NAYPYIDAW - Setidaknya 19 orang tewas di Myanmar utara ketika
pemberontak etnis menyerang pos-pos pasukan keamanan di negara bagian Shan. Ini
adalah serangan paling mematikan dalam beberapa tahun terakhir seiring
meningkatnya pertempuran di wilayah perbatasan.
Aktivis HAM mengatakan bentrokan di utara dekat perbatasan
China itu telah meningkat sejak Januari karena masyarakat internasional
berfokus pada krisis Rohingya di bagian barat negara itu. Militer Myanmar
diduga telah melakukan kampanye pembersihan etnis terhadap minoritas tanpa
kewarganegaraan di Rakhine.
Operasi militer pada Sabtu (12/5/2018) diluncurkan oleh
Tentara Pembebasan Nasional Ta'ang, atau TNLA, salah satu dari beberapa
kelompok pemberontak yang berjuang untuk otonomi yang lebih besar di utara.
Gambar dan video dari pertempuran yang dibagikan di media
sosial menunjukkan orang-orang bersenjata menyebar di jalan perumahan sementara
seorang tentara pemberontak berlindung di belakang mobil. Suara tembakan
otomatis memenuhi udara saat ambulans membawa mereka yang terluka.
"Sembilan belas (orang) tewas dalam pertempuran,"
kata sumber militer Myanmar, menambahkan bahwa puluhan orang terluka seperti
dikutip dari AFP, Minggu
(13/5/2018).
Juru bicara pemerintah Myanmar, Zaw Htay, mengatakan dalam sebuah
postingan di Facebook bahwa satu petugas polisi dan tiga anggota milisi yang
didukung negara telah tewas sementara 15 orang tewas adalah warga sipil yang
tidak bersalah. Ia menyebut itu adalah serangan teroris.
"Sebuah serangan yang menargetkan orang-orang yang tidak
bersalah tidak menunjukkan tuntutan hak sebuah etnis. Itu hanya sebuah serangan
teroris yang merusak," katanya.
Ia pun mengatakan militer akan mengejar kelompok bersenjata
itu.
Sementara Juru bicara TNLA, Mai Aik Kyaw, mengatakan bahwa mereka
menyerang pos militer dan milisi gabungan di kota Muse Negara Bagian Shan dan
di jalan menuju Lashio.
"Kami berjuang karena pertempuran sengit di wilayah kami
dan serangan serius di Negara Bagian Kachin," jelasnya, mengacu pada
konfrontasi baru di negara bagian paling utara Myanmar antara militer dan
Tentara Kemerdekaan Kachin (KIA), aliansi TNLA.
Tidak jelas apakah anggota TNLA yang kuat, atau KIA,
mengambil bagian dalam serangan pada hari Sabtu.

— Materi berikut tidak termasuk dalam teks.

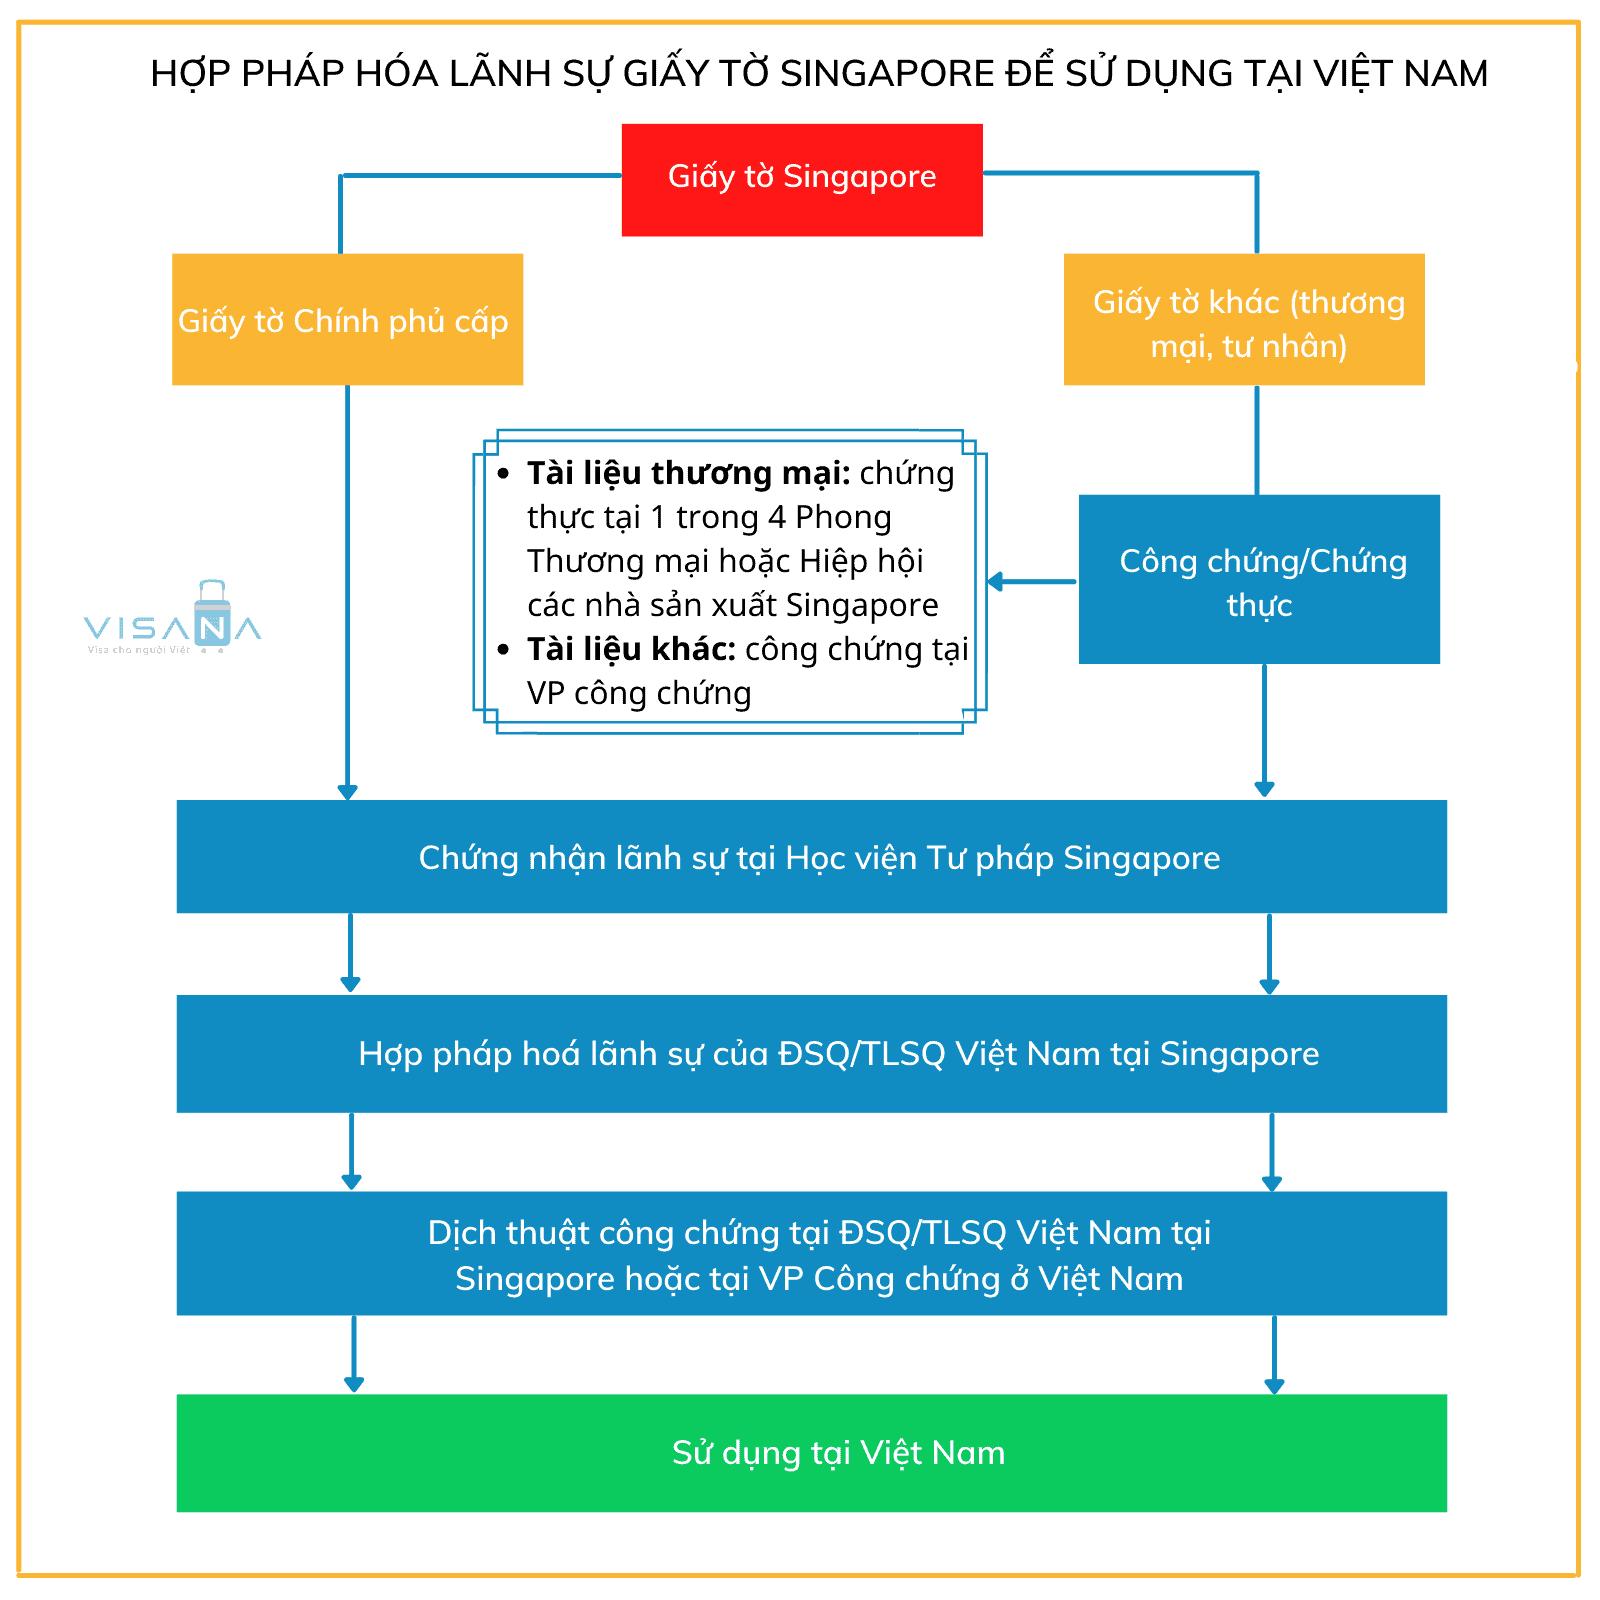 Hợp pháp hóa lãnh sự Singapore sử dụng tại Việt Nam
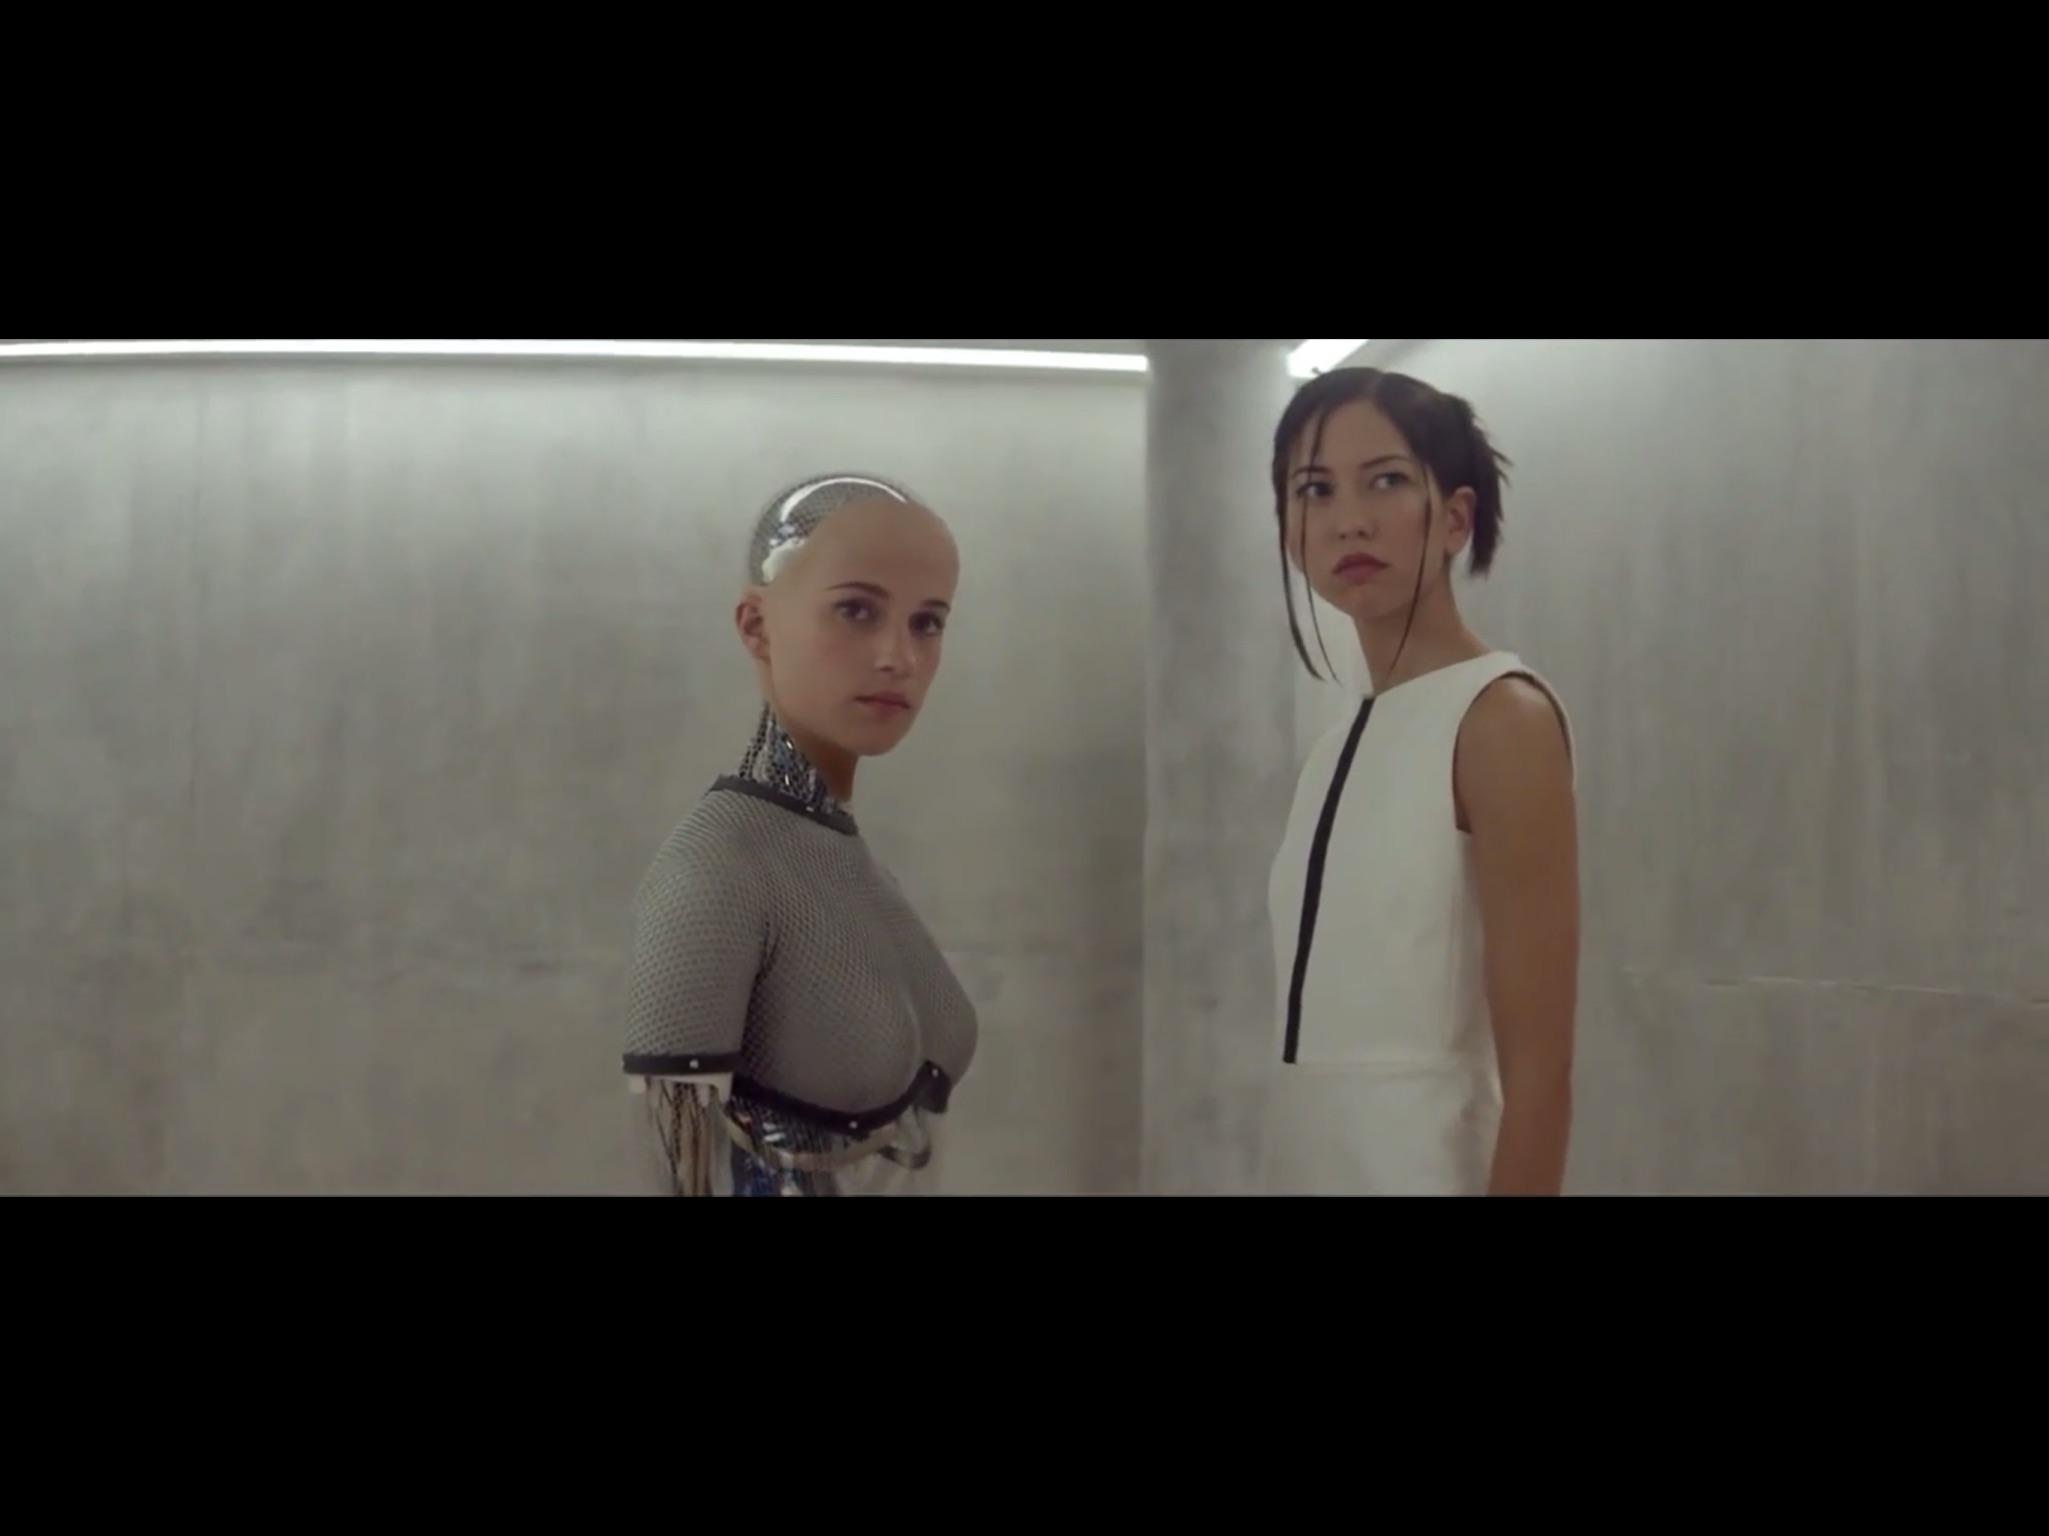 ex-machina-movie-screenshot-35.JPG

Lebih dari 100.000 orang yang terlantar sekarang tinggal di
kamp-kamp di negara bagian Kachin dan Shan sejak gencatan senjata antara KIA
yang militer rusak pada 2011, menurut statistik PBB terbaru.
Para pengungsi yang melarikan diri dari aksi kekerasan itu
berlindung di tenda-tenda dan bahkan gereja-gereja di Kachin, terutama yang
Kristen, ketika kelompok hak asasi manusia dan pemberontak menuduh militer
memblokir bantuan
Campur
aduk suku bangsa Myanmar membentuk sepertiga populasi, tetapi Bamar atau Burma,
telah mengisi struktur kekuasaan negara yang mayoritas beragama Buddha itu
sejak kemerdekaan pada tahun 1948.
Pemimpin sipil Aung San Suu Kyi mengatakan akan mengakhiri
sejarah panjang bentrokan Myanmar adalah prioritas utamanya setelah ia
mengambil alih kekuasaan pada 2016. Tetapi ia berbagi kekuasaan dengan militer
yang memerangi pemberontakan selama beberapa dekade.
Lebih dari sepertiga kota-kota Myanmar dipengaruhi oleh
konflik yang belum terselesaikan, menurut laporan tahun 2017 dari Asia
Foundation.
Suu Kyi berhasil membawa dua kelompok etnis ke dalam
kesepakatan gencatan senjata pada bulan Februari, menambah delapan orang
lainnya yang telah menandatangani kesepakatan sebelum dia menjabat.
Pendeta Hkalam Samsun, ketua Konvensi Baptis Kachin,
mengatakan orang-orang Kachin "kecewa" dengan Suu Kyi.